* **INSTRUCTIONS FOR THE TASK**
Work through the listing below and give again exactly the lines from the one with "Black fly isolated on a white background" to the one with "Sunfeast Bounce Cream(strawberry)", both ends included. All other lines and all pictures stay out.
*** GIVEN INFORMATION ***
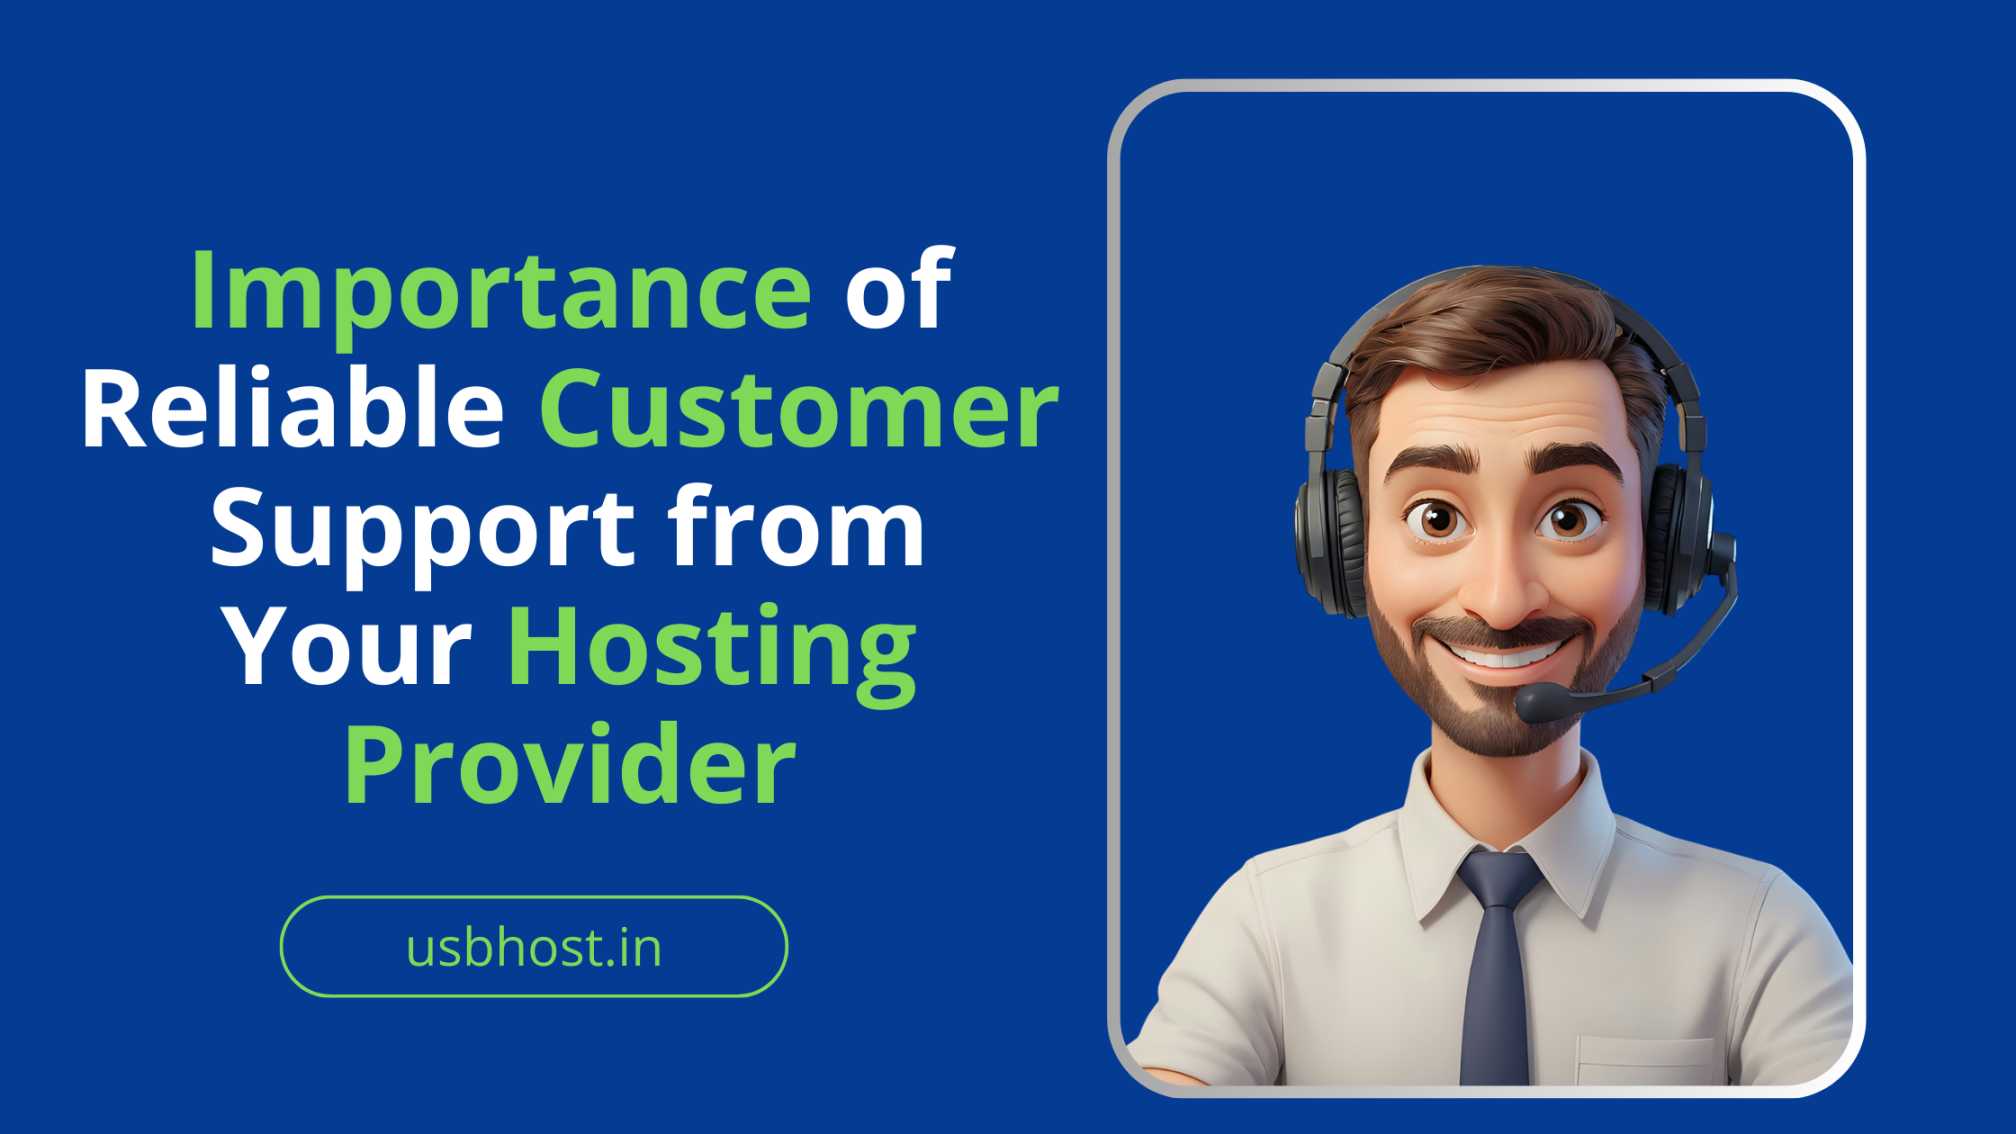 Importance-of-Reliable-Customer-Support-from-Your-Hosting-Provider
*** End of GIVEN INFORMATION ***
*** GIVEN INFORMATION ***
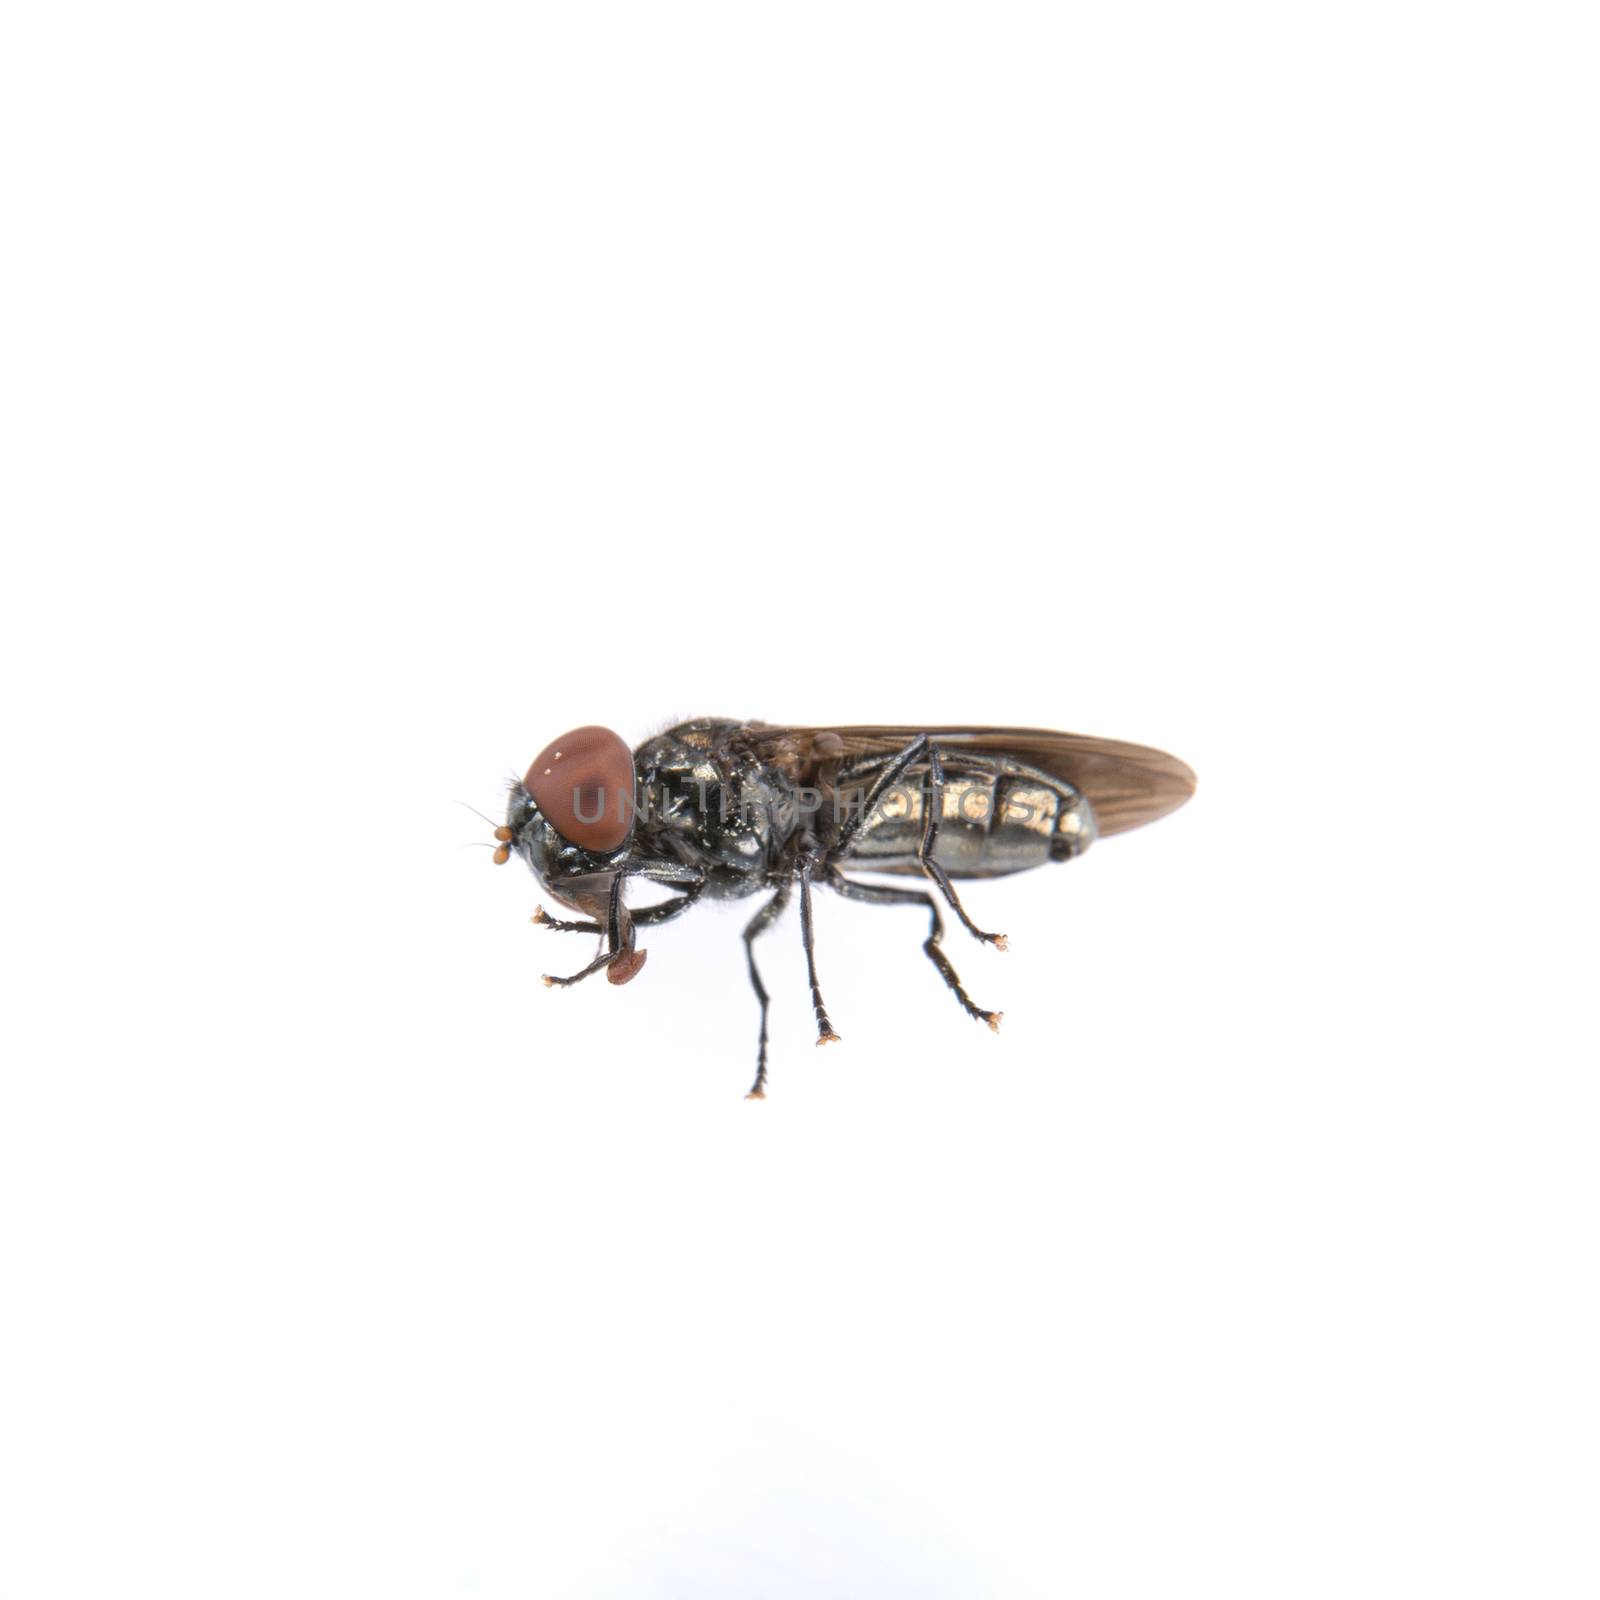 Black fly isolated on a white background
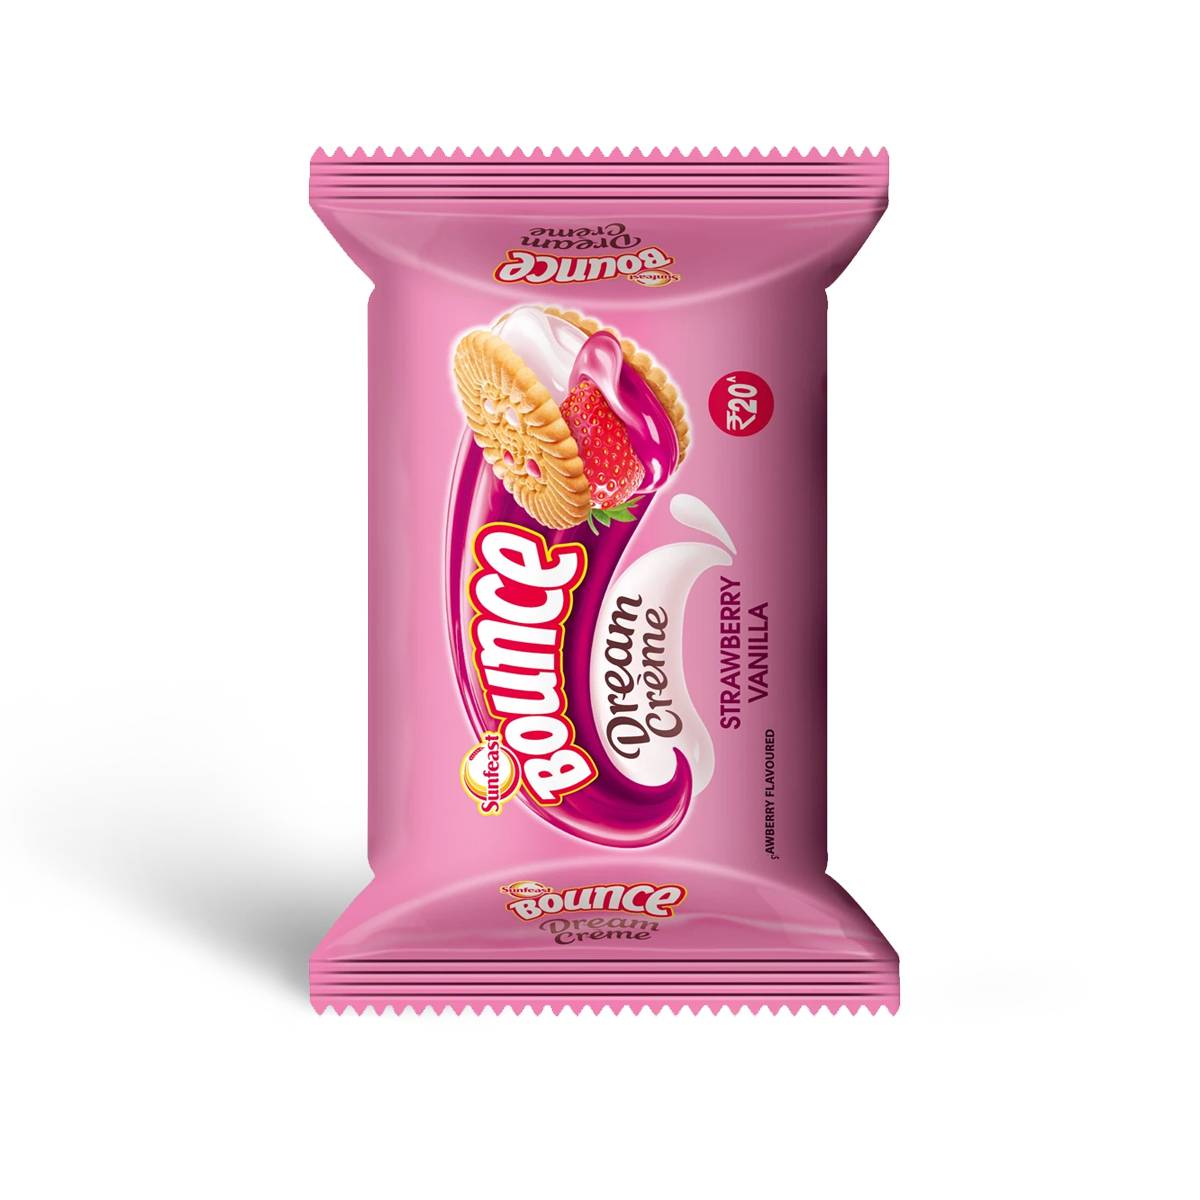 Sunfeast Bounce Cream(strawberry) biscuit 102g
*** End of GIVEN INFORMATION ***
* **FINAL ANSWER**
 Black fly isolated on a white background
 Sunfeast Bounce Cream(strawberry) biscuit 102g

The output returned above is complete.